Sculptor Arnaldo Pomodoro passed away on the eve of his 99th birthday. He passed away last night but the news was given at 8 a.m. this morning by the Arnaldo Pomodoro Foundation. Born June 23, 1926, in Morciano di Romagna, he was considered one of Italy’s greatest contemporary sculptors. Elder brother of the equally well-known sculptor Giorgio “Giò” Pomodoro, Arnaldo transformed sculpture into a form of intellectual and visual investigation: large perfect solids in bronze - spheres, cubes, columns, discs - marked inside by incisions, cracks and cuts that reveal internal mechanisms and complex structures.
After earning a diploma as a surveyor, Pomodoro embarked on a technical profession, however, soon devoting his passions to sculpture . In the early 1950s, fascinated by matter, he experimented with heterogeneous materials: gold and silver in jewelry, then iron, wood, concrete and, finally, bronze, which would become his favorite medium for small-scale works and monumental sculptures. He moved to Milan in 1954 and still lives and works near the Darsena di Porta Ticinese in the heart of the city. In 1961-1962 he joined the informal group “Continuità,” founded together with Lucio Fontana and others, where he consolidated an informal stylistic signature that soon evolved, however, toward more rigid formal types, while retaining the tension between polished surfaces and complex internal structures. This doubly aesthetic and technical drive becomes the hallmark of the works that will make him internationally famous.
The first major turning point occurred in Spoleto, in 1962, when Pomodoro made The Traveler’s Column, beginning the investigation for which he is universally known. Highly representative of this path are his “spheres that break”: monumental bronze structures that, seemingly perfect and polished, conceal incisions that rip through their surface, revealing complex solids and surprising sculptural mechanisms. The sculptural work becomes a dialogue between order and chaos, the obvious and the hidden.

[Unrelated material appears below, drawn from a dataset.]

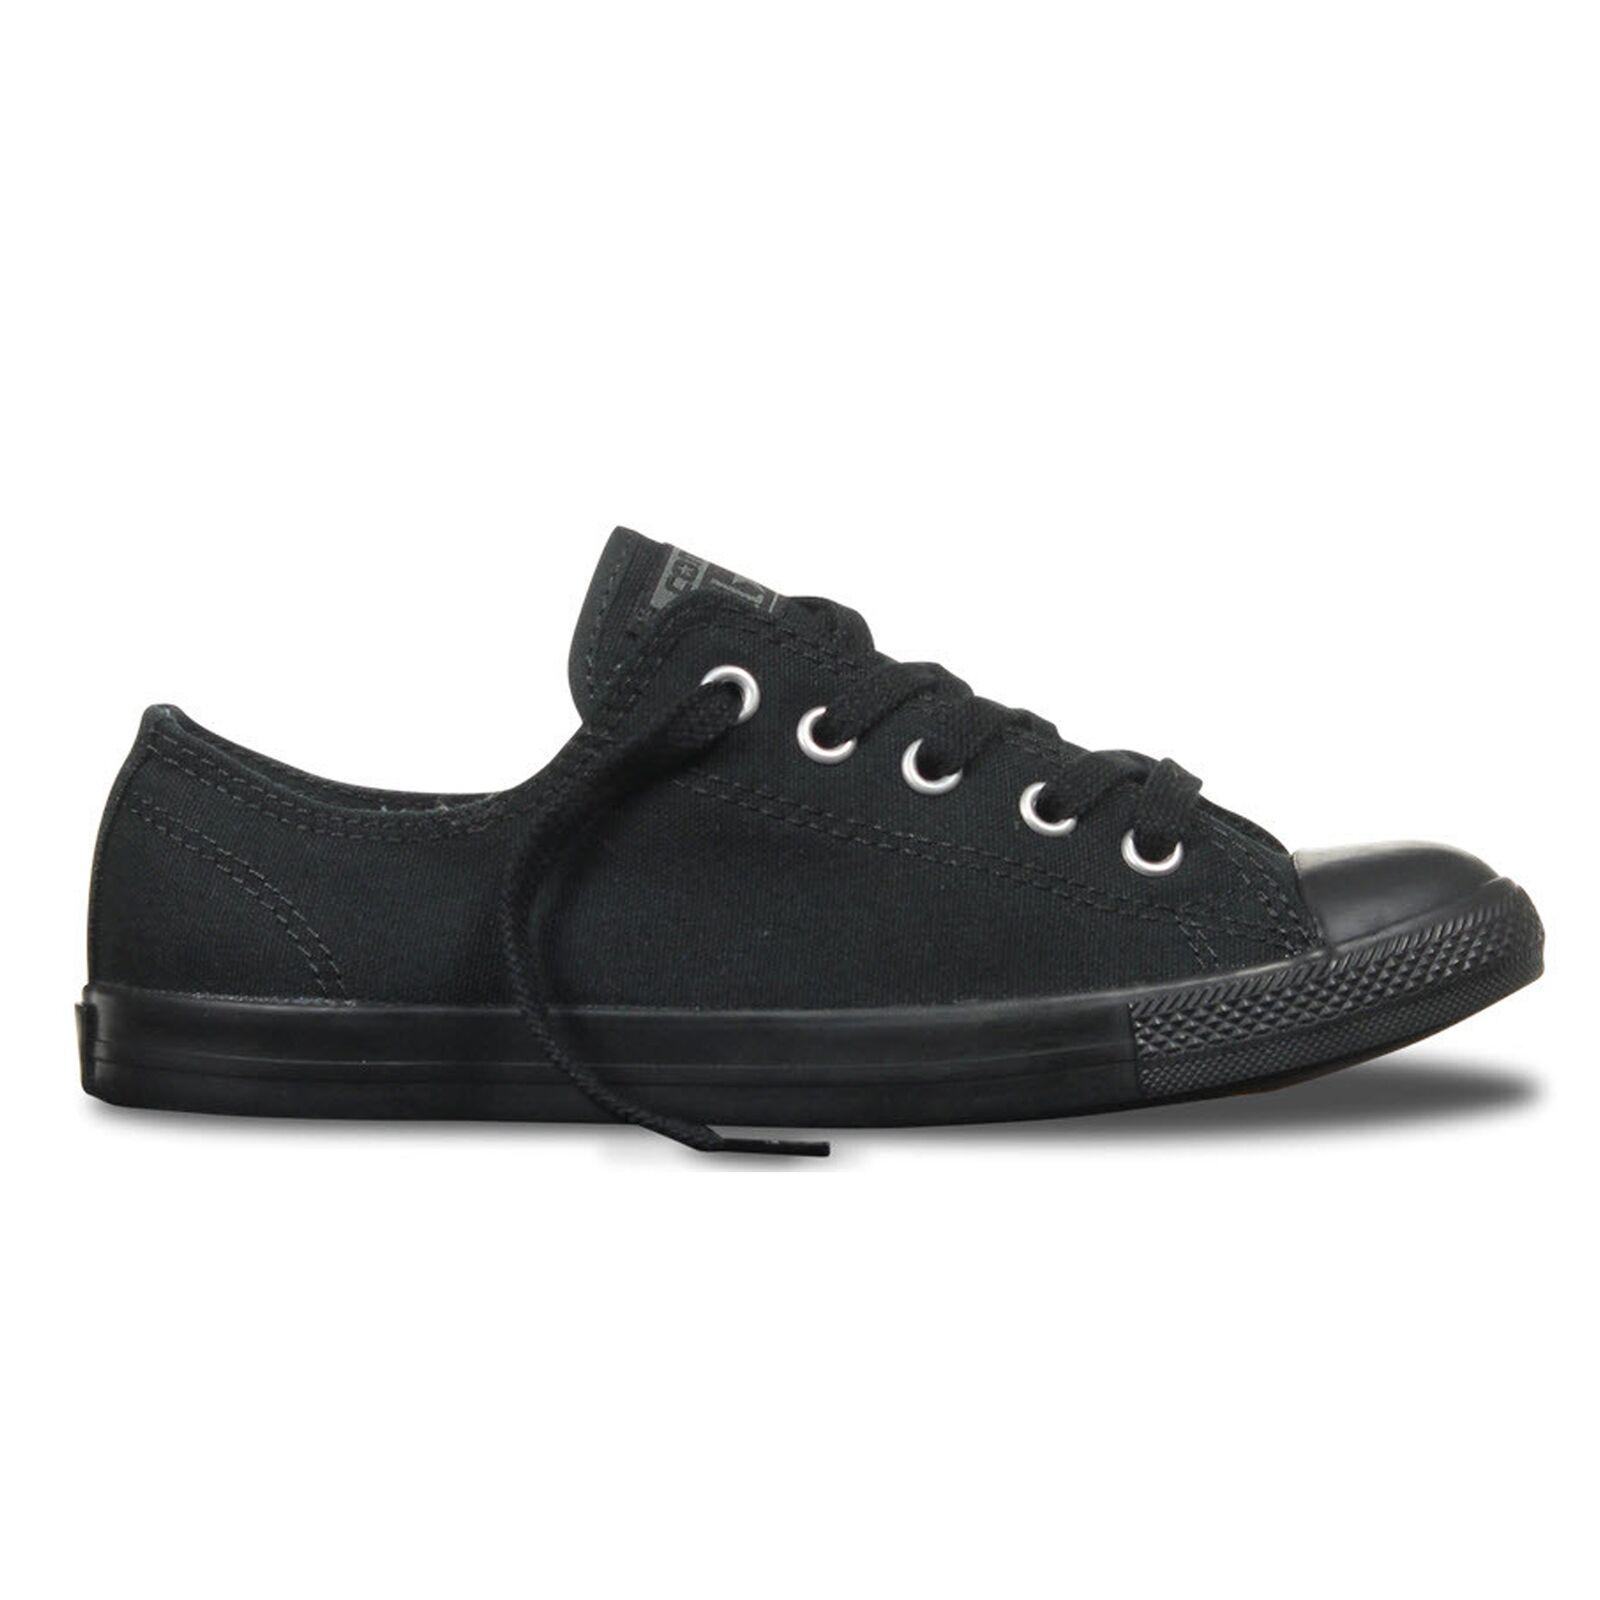 Converse - CTAS Dainty OX Black 532354C

His language, characterized by a rigorous “geometric spirit,” employs simple, perfect forms - sphere, cube, cylinder, cone, parallelepiped - repeated or segmented as in a musical composition or gear mechanism. The aesthetic effect is dynamic: conspicuous smooth surfaces open up to interior landscapes, drawing the viewer into a visual and emotional exploration.
Pomodoro has exhibited in some of the world’s most prestigious art spaces-Milan (Rotonda della Besana, 1974), Paris (Musée d’Art Moderne, 1976), Florence (Forte Belvedere, 1984), Ferrara (Palazzo dei Diamanti, 1987), Hakone in Japan (1994), New York (Marlborough Gallery, 1996) and many others. His works are distributed in public spaces in cities such as Lampedusa, Sorrento, Rimini, Pesaro, Genoa, Rome, Pavia, Terni, Turin, Tivoli, Belluno, San Giovanni Rotondo (in Renzo Piano’s Basilica di Padre Pio complex), as well as Copenhagen, Brisbane, Dublin, Los Angeles, and on the UN campus. Pomodoro has also taught in art departments of American universities - Stanford, Berkeley, Mills College - contributing to the training of new generations of artists. Recognized with numerous awards, Pomodoro was awarded the Imperial Præmium for sculpture by the Japan Art Association in 1990, the same year Federico Fellini received the award for film and theater.
The distinctive feature of his works, the gash that gives a glimpse of the interior of a perfect geometry, testifies to Pomodoro’s sculptural vision: the exterior becomes a container of complexity, tension and mystery. His forms do not seek simple beauty, but rather interrogate the dual relationship between surface and structure, between apparent order and underlying disorder.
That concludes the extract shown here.